Read the data below line by line and copy each one with "Wallpaper" in it.

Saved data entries
┄┄┄┄┄┄┄┄┄┄
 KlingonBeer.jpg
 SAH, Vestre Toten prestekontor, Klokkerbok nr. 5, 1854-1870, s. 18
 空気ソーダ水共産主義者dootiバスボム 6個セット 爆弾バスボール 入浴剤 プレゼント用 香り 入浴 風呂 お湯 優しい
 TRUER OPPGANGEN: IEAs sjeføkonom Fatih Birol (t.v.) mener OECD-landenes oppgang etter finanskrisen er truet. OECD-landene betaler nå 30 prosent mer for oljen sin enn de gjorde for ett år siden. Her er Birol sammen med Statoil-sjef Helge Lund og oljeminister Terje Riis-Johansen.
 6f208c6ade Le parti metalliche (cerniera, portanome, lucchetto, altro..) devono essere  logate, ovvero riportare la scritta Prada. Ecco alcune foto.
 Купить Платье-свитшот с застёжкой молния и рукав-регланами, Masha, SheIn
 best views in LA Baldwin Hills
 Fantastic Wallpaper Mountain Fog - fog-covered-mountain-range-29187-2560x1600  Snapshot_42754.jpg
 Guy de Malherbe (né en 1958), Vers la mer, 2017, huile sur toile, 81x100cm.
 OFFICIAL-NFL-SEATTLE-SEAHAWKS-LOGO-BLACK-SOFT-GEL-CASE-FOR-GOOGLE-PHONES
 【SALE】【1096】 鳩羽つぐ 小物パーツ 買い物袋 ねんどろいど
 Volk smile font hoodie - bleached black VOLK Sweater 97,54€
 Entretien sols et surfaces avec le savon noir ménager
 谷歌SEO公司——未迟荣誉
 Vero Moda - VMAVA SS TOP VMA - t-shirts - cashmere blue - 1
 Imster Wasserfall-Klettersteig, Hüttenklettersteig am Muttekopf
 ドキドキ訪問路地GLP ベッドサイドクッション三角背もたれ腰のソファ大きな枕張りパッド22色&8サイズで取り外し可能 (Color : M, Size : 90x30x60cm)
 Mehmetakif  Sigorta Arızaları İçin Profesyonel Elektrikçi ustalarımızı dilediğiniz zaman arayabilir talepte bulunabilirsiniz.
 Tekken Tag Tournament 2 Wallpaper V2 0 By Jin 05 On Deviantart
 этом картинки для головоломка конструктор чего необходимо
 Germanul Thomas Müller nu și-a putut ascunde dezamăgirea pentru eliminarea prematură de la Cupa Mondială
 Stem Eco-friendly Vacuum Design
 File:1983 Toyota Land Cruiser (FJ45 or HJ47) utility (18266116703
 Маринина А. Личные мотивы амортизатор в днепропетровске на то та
┄┄┄┄┄┄┄┄┄┄
(RESULT):
 Fantastic Wallpaper Mountain Fog - fog-covered-mountain-range-29187-2560x1600  Snapshot_42754.jpg
 Tekken Tag Tournament 2 Wallpaper V2 0 By Jin 05 On Deviantart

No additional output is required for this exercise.